Image: A new study shows aspiration and stent receivers show equal success during revascularization (Photo courtesy of Alamy).
Contact aspiration does not show any real advantage over stent retrievers during revascularization for an ischemic stroke, according to a new study.

Researchers at Laennec University Hospital (Nantes, France), Foch Hospital (Suresnes, France), and other institutions conducted a study involving 381 patients (mean age 69.9 years, 45.7% female) with acute ischemic stroke in the anterior circulation who were randomized to contact aspiration (192 patients) or stent retriever (189 patients) before urgent mechanical thrombectomy at eight French comprehensive stroke centers in 2015-2016. Both options were used as first-line line treatment, with a switch to other therapy allowed after three failed attempts.

The results revealed that the proportion of patients with successful revascularization was 85.4% in the contact aspiration group versus 83.1% in the stent retriever group.

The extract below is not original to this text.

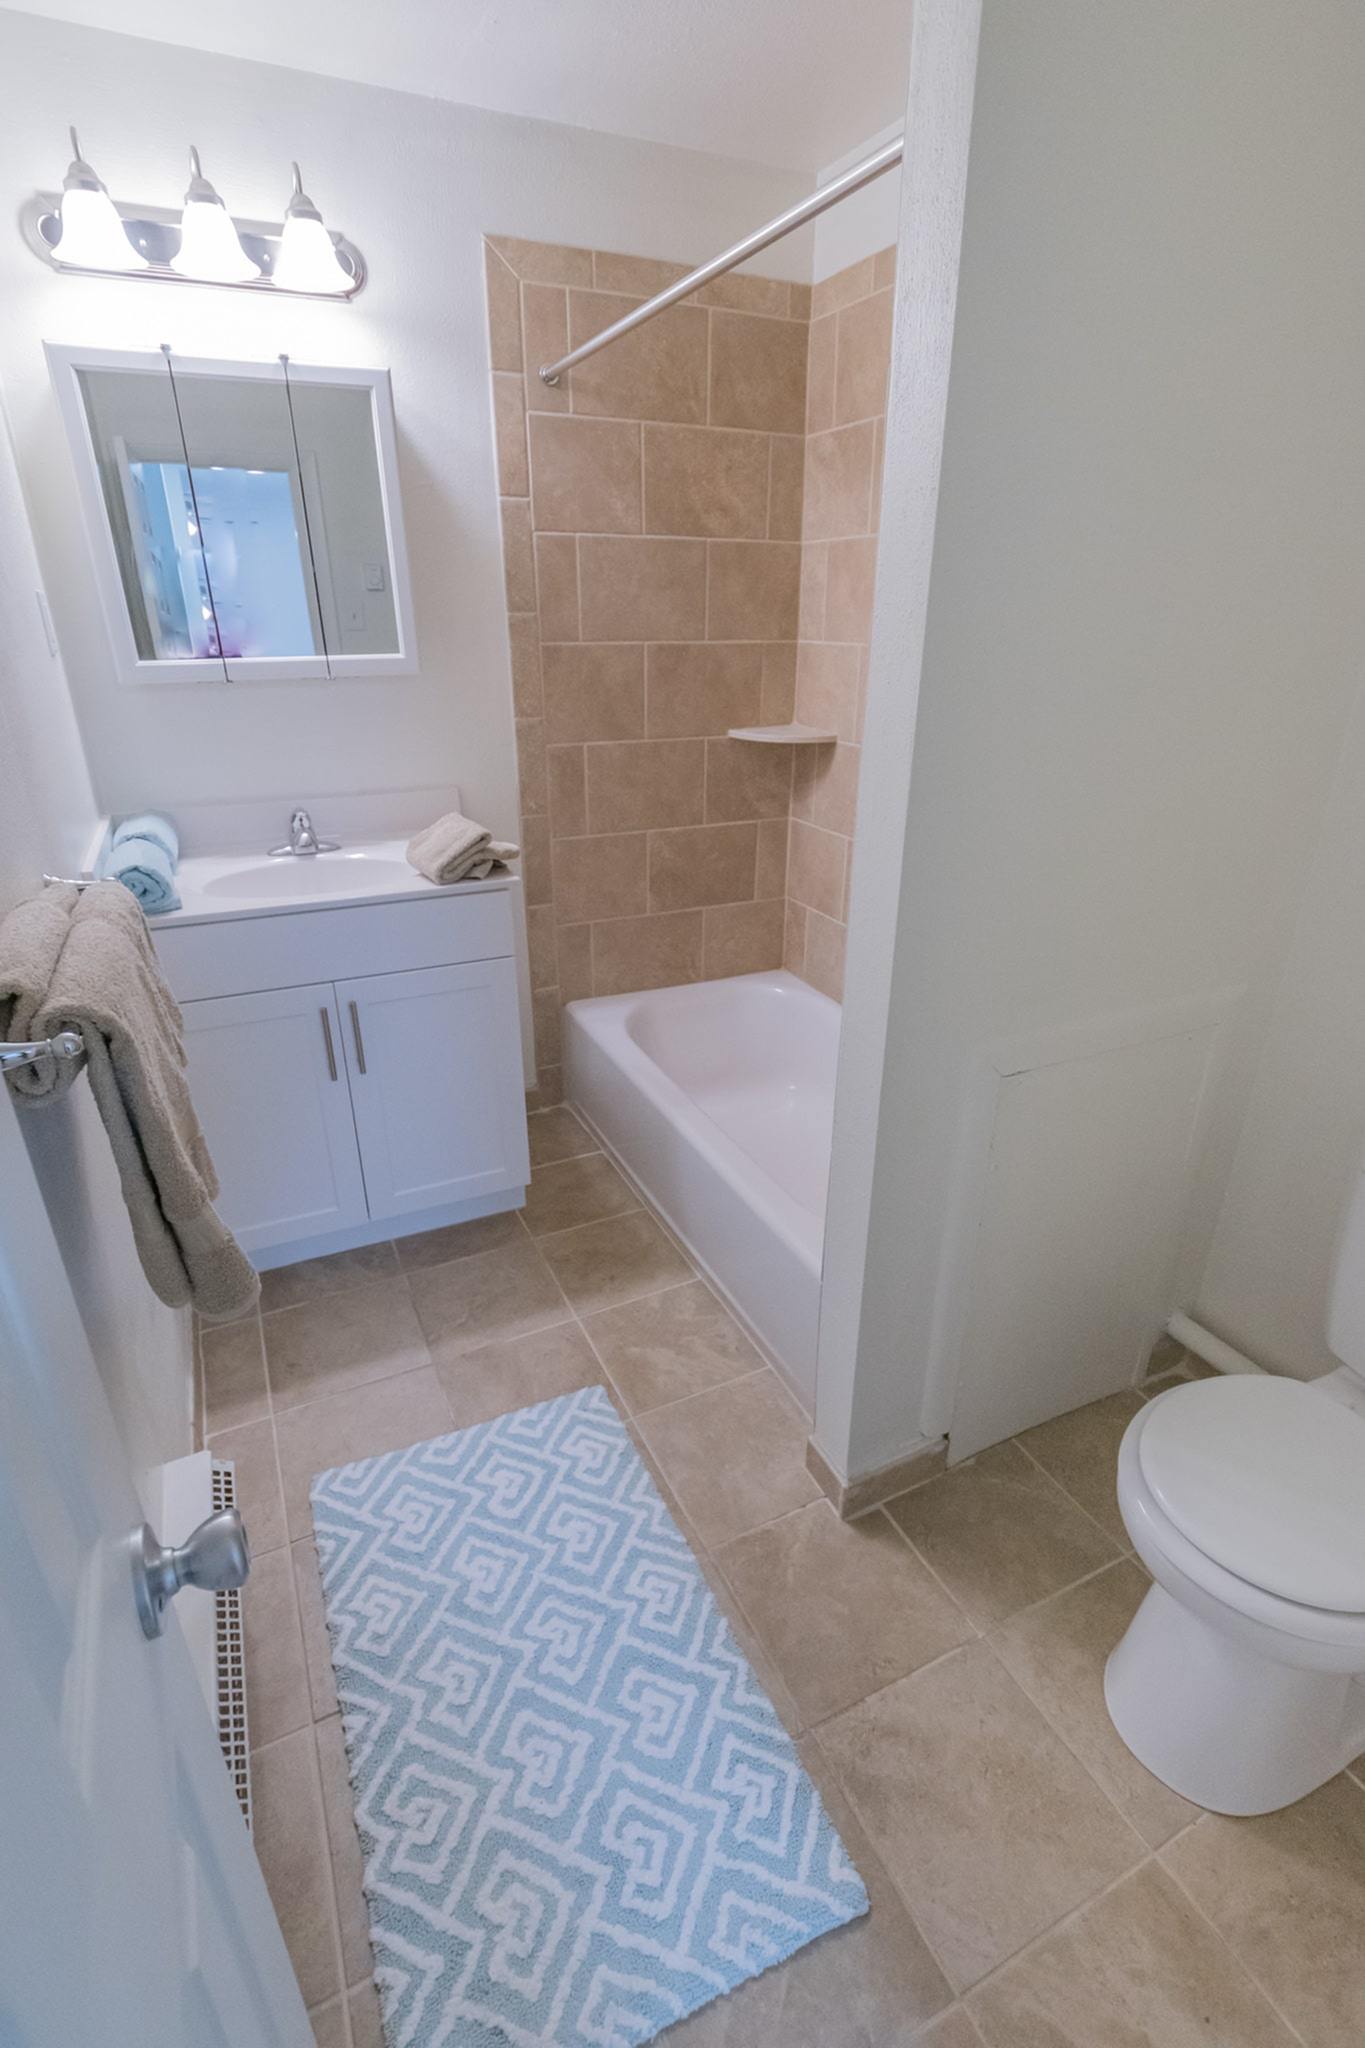 Bathroom with a mirror, bathtub, toilet, and beige tiles.

For clinical efficacy outcomes, which included degree of disability, as assessed by overall distribution of the modified Rankin Scale (mRS) score at 90 days, change in National Institutes of Health Stroke Scale (NIHSS) score at 24 hours, 90-day all-cause mortality, and procedure-related serious adverse events, there were no significant differences between groups. The study was published on August 1, 2017, in JAMA.

“First-line contact aspiration was not superior to first-line stent retriever in achieving successful revascularization at the end of the endovascular procedure,” concluded lead author Bertrand Lapergue, MD, PhD, of Foch Hospital, and colleagues. “There are no significant difference in revascularization rate and safety using either thrombectomy technique with Penumbra aspiration and stent retrievers for acute ischemic stroke patients with large vessel occlusions.”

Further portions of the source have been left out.